The copy you give must match the listing below exactly and contain no pictures.

*Recorded data*:

>>

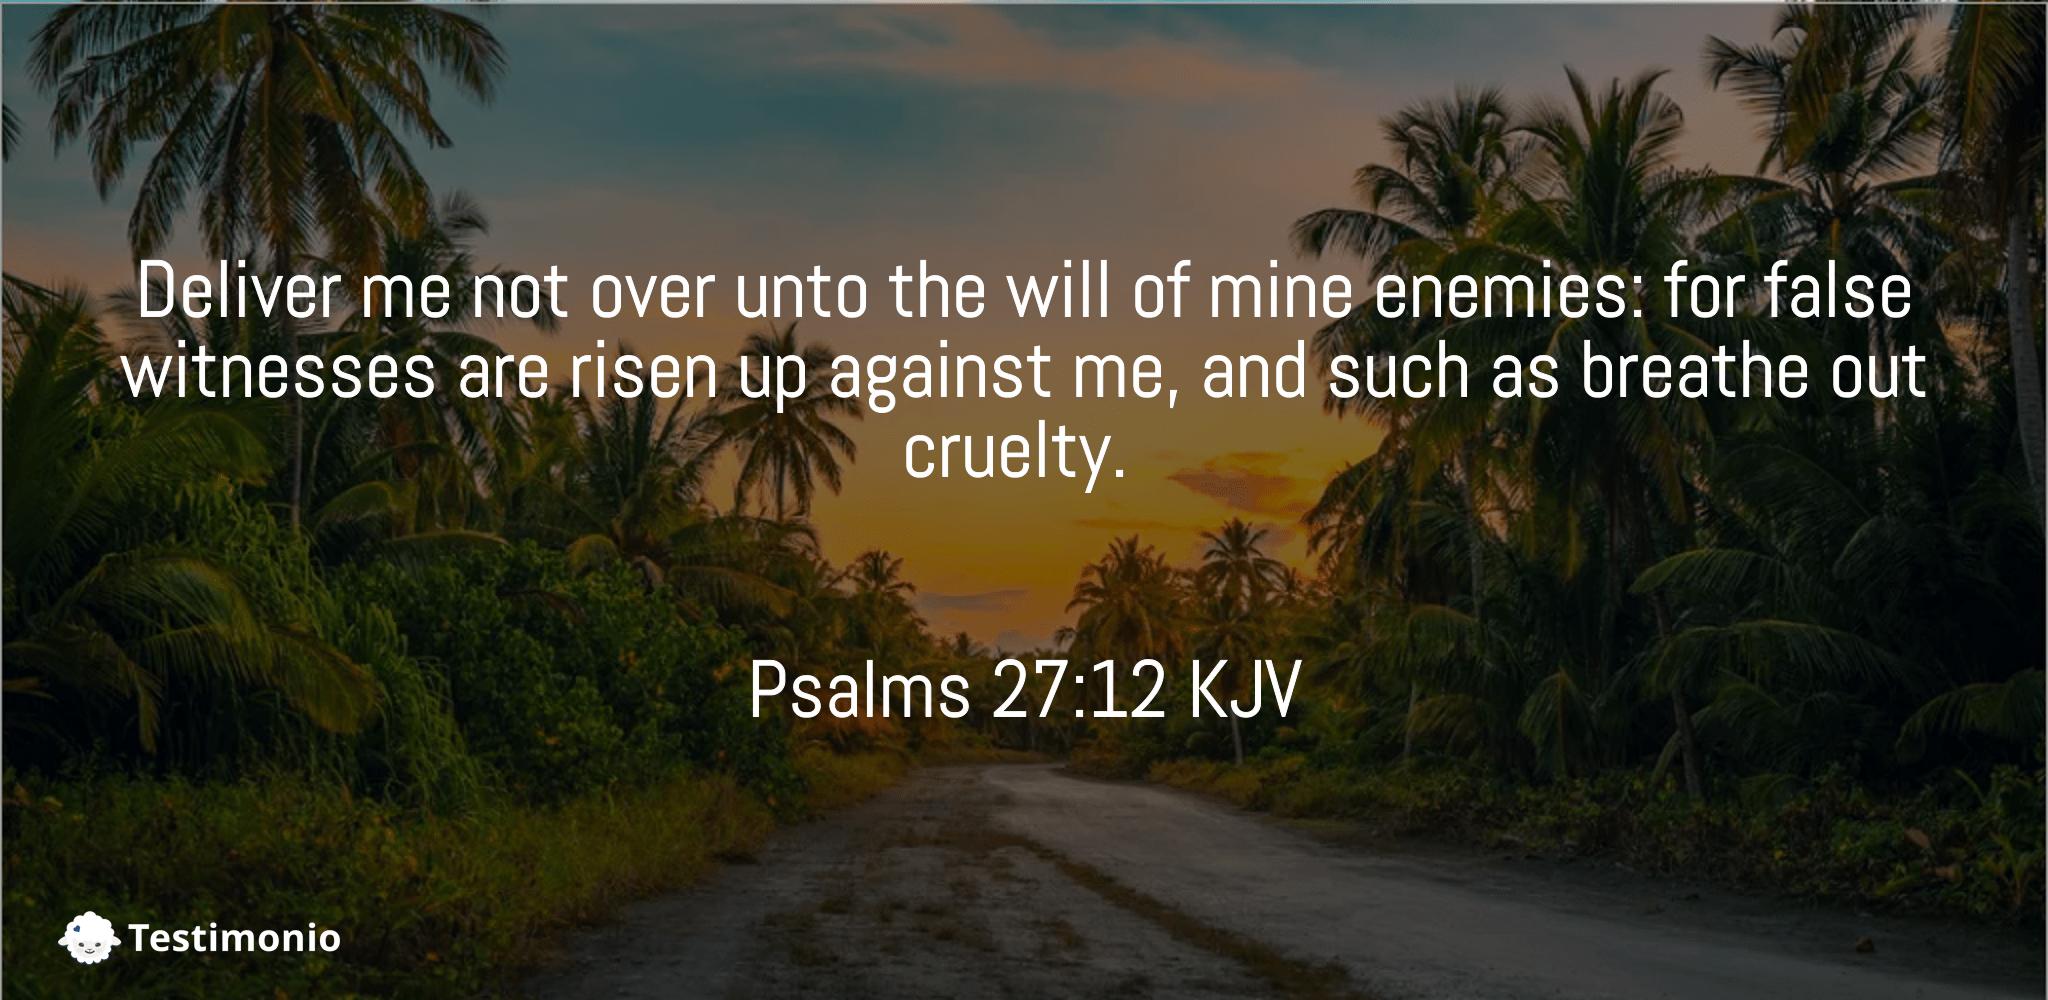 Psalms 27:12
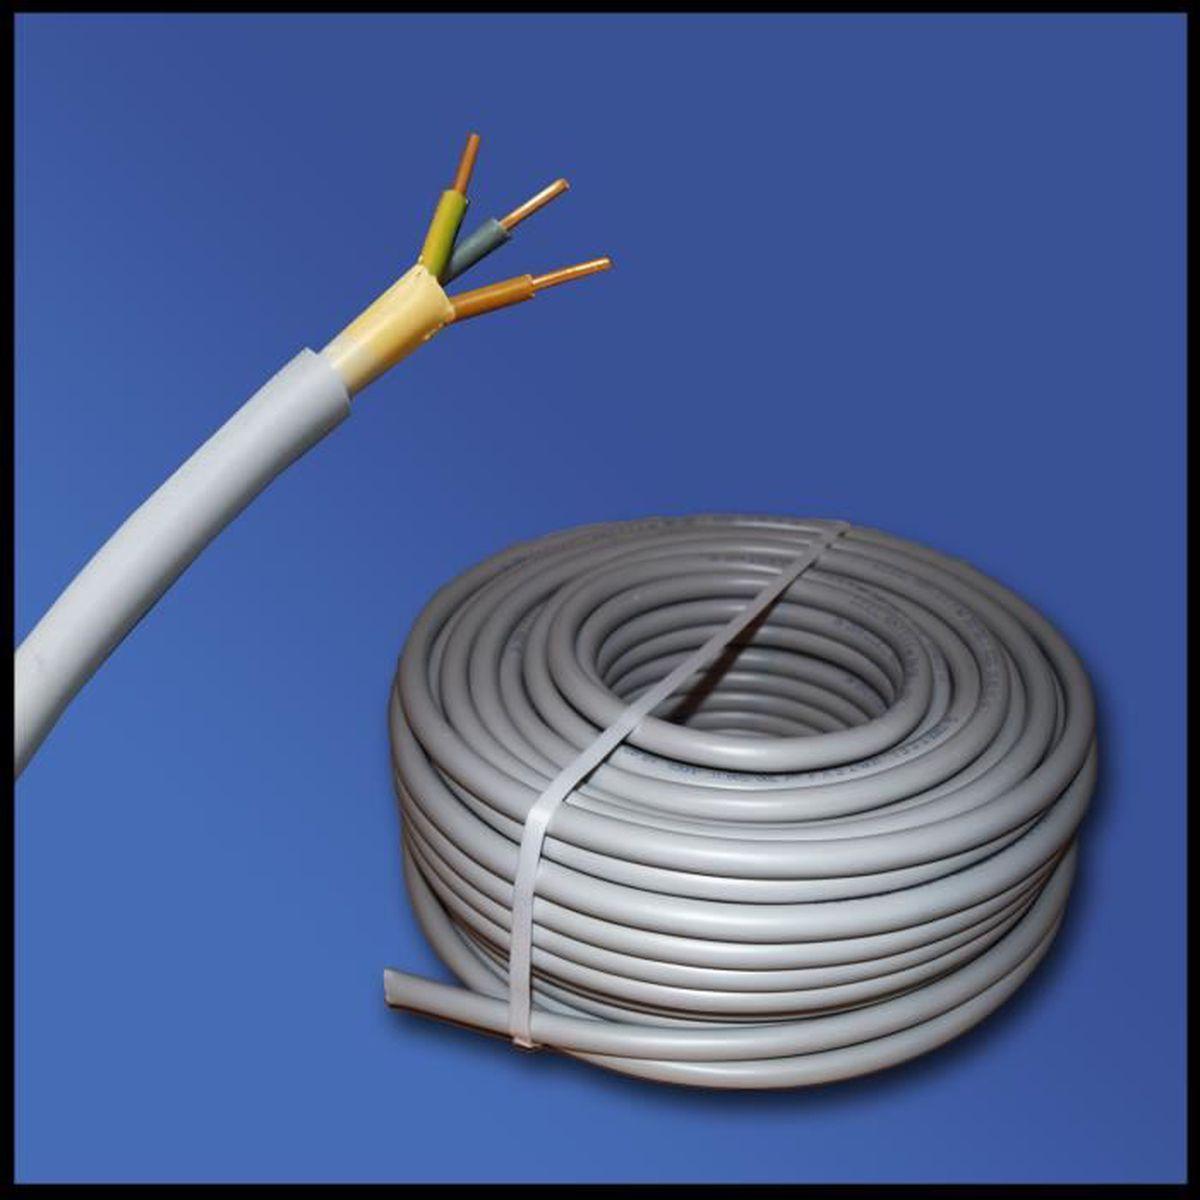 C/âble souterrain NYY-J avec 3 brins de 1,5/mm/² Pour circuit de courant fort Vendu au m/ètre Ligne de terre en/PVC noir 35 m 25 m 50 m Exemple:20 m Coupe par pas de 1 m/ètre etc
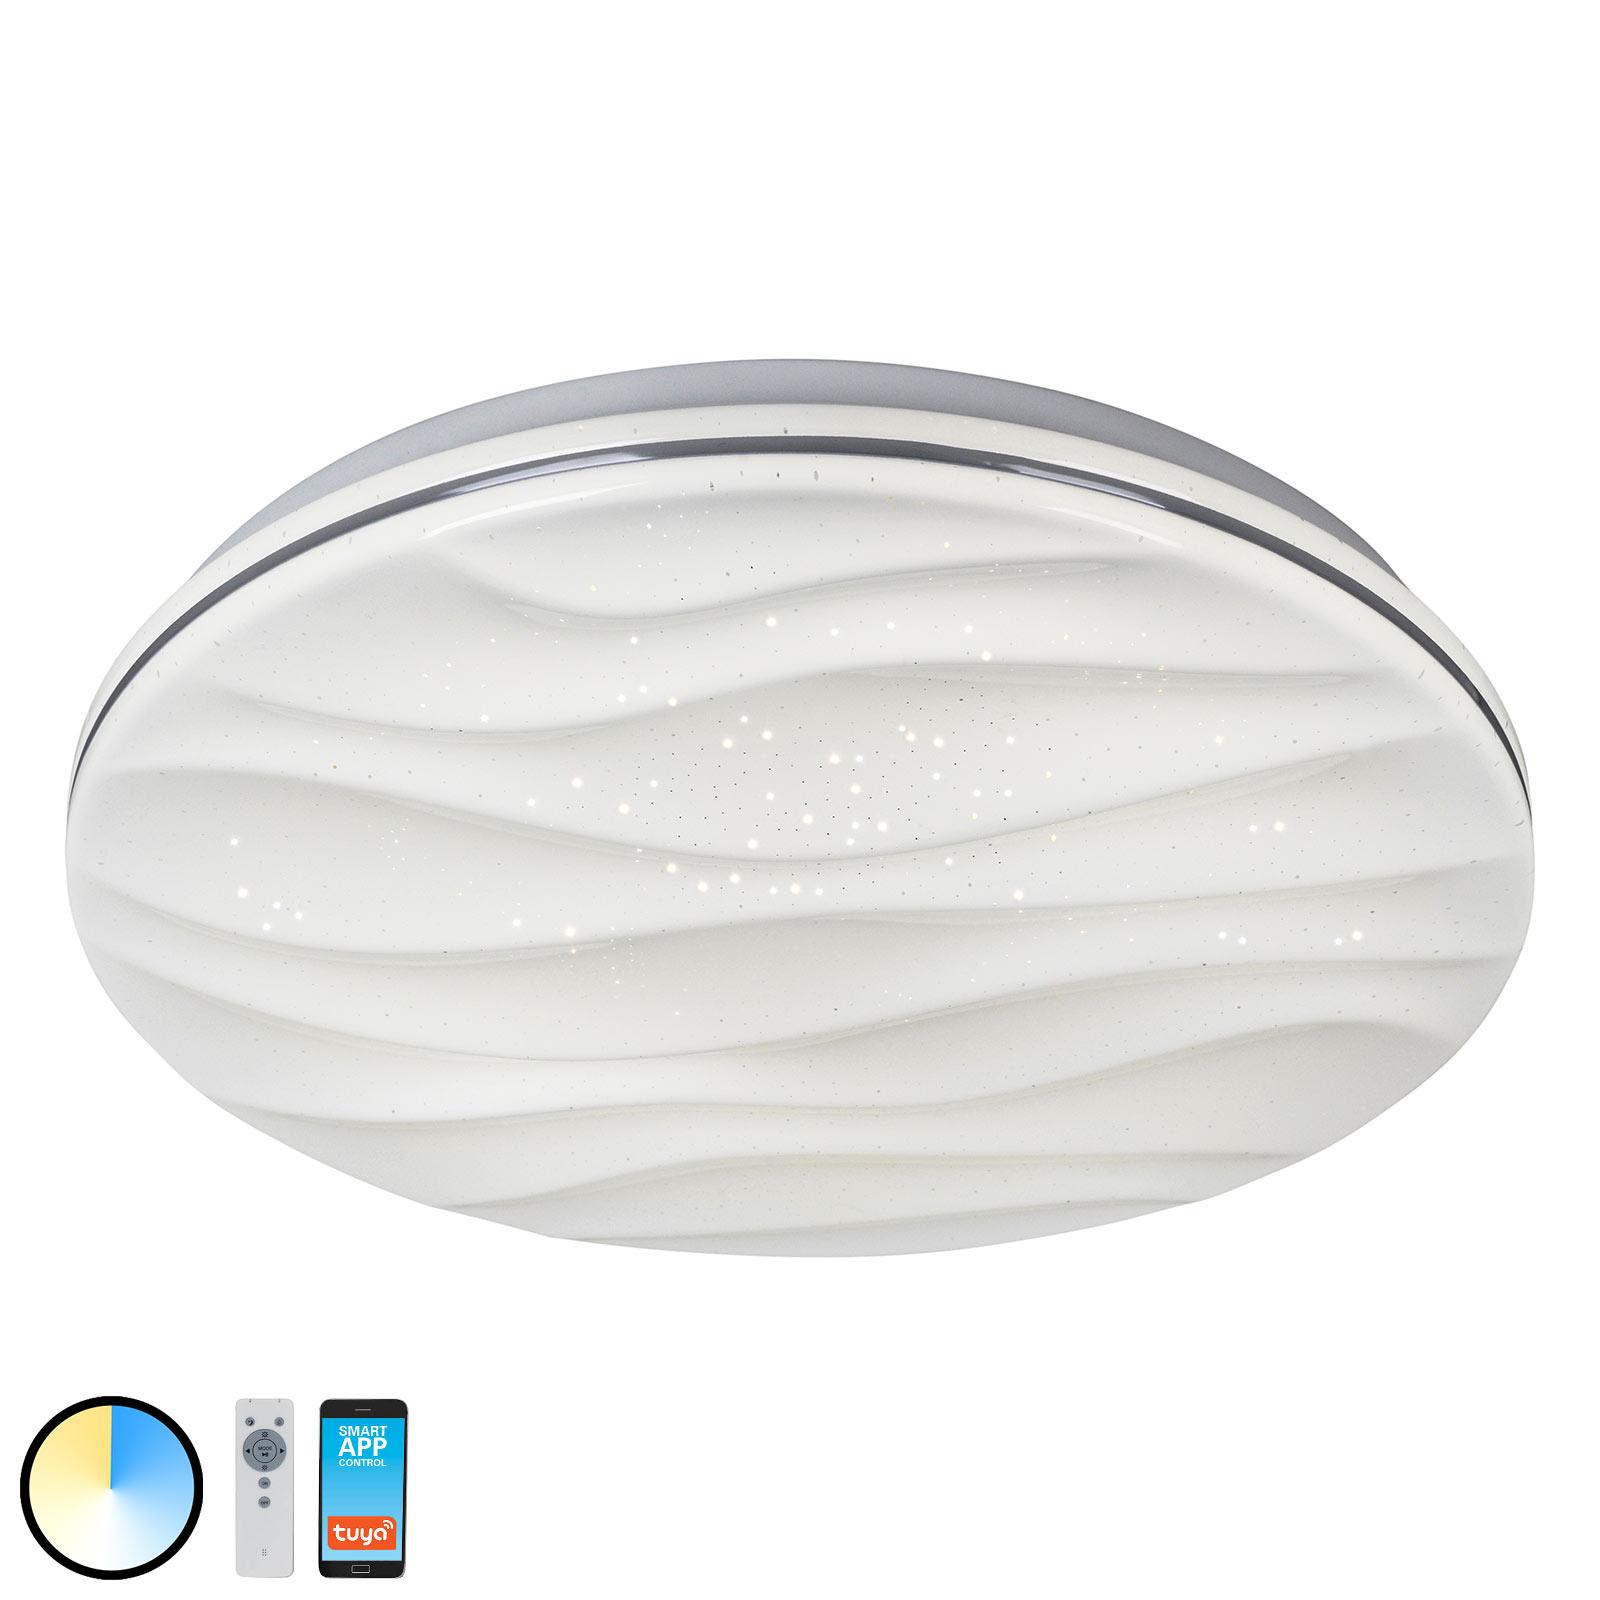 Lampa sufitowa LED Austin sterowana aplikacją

<<

*Expected output*:
 Psalms 27:12
 C/âble souterrain NYY-J avec 3 brins de 1,5/mm/² Pour circuit de courant fort Vendu au m/ètre Ligne de terre en/PVC noir 35 m 25 m 50 m Exemple:20 m Coupe par pas de 1 m/ètre etc
 Lampa sufitowa LED Austin sterowana aplikacją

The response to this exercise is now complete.